Prosecutors say Foster then called and texted a number of people, looking for a ride from the Scofield Road home.
Foster reportedly told police that Blake said "he'd shot a police officer," confiding it to her about 15 minutes to a half-hour before the SWAT team got there, according to the certificate of probable cause.
He then left the trailer and walked into the nearby woods, the certificate said. Foster told investigators she was afraid he was going to shoot himself and tried to restrain him, the document says. However, he broke away and shot himself with a .40-caliber handgun as police arrived.
"She told me she did not know what to do," her father, Wayne Foster, said. "She was totally, totally frightened and paralyzed with fear."
Foster's attorney, Jonathan Morrison, asked for a bail reduction during Friday's court hearing, saying Foster had been nowhere near the site of the "egregious" shooting of Radulescu. He said she had only two prior criminal convictions and had strong ties to the area.
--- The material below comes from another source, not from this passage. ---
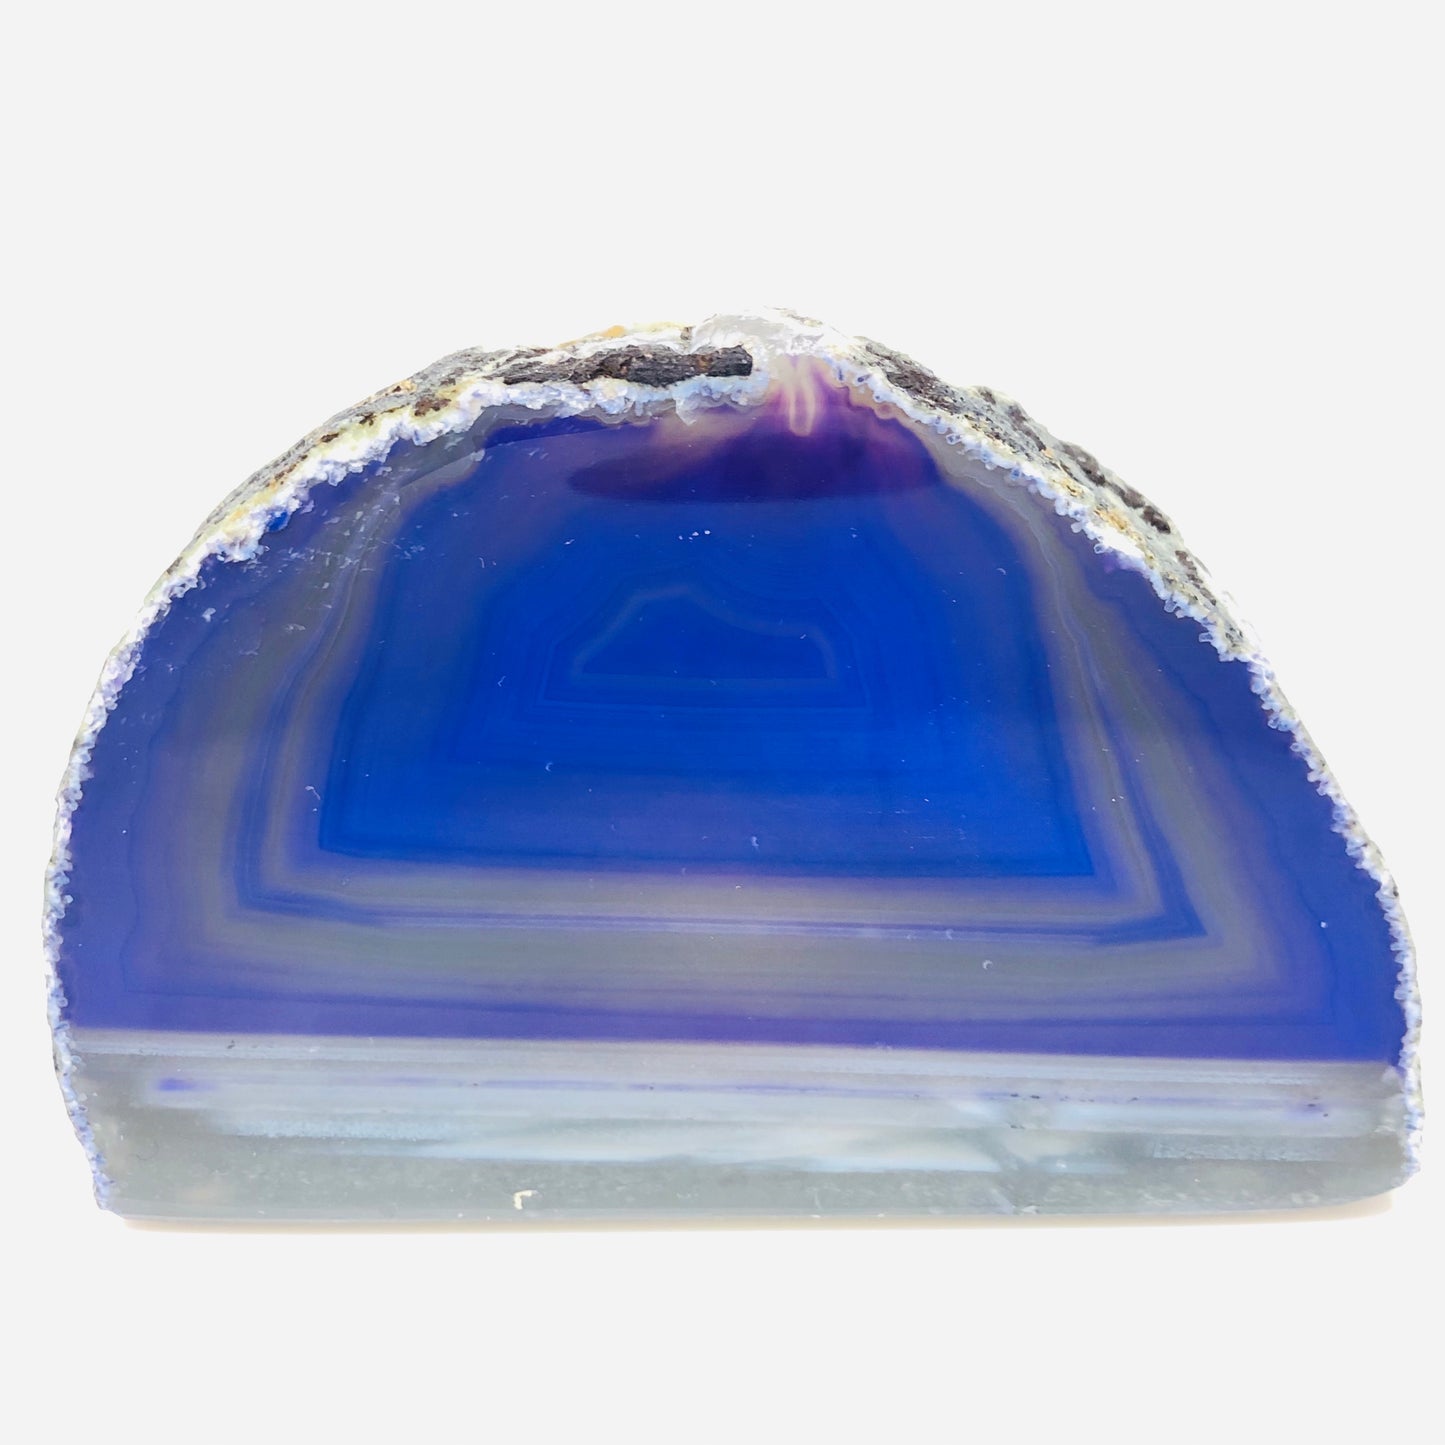 Agate Candle holder LG Aprox 2lbs

But Kitsap County Prosecutor Philip Bacus successfully argued for the higher bail, saying Foster had a history of failing to appear for court hearings. Her criminal record includes a DUI in 2003 and third-degree malicious mischief in 2002. On one occasion, she came to court drunk, Bacus said.
During a news conference earlier Thursday, Boyer, the sheriff, acknowledged Foster had frequently suffered at the hands of Blake.
"If you read Blake's history, you'll see she was a victim many, many times at his hands," he said. "He's a violent individual, there's no doubt about it."
Boyer was at a loss to explain why Foster would stay with Blake after he beat her, why she would give him second chances or help him as she allegedly did on Thursday.
"That's the dynamics about these relationships," he said. "Why? I'll never understand."
Wayne Foster said Dakota, the little girl his daughter had with Blake, is being cared for by Blake's mother.
He said Foster once sent hundreds of dollars to Blake while he was in prison to pay for phone calls and candy. But when he was released, he left her for another woman.
"He used her again, as he has always done," Wayne Foster said, "and she'll be the one who pays."
Seattle Times staff reporters Jennifer Sullivan and news researcher Miyoko Wolf contributed to this report, which includes information from The Associated Press and The Kitsap Sun.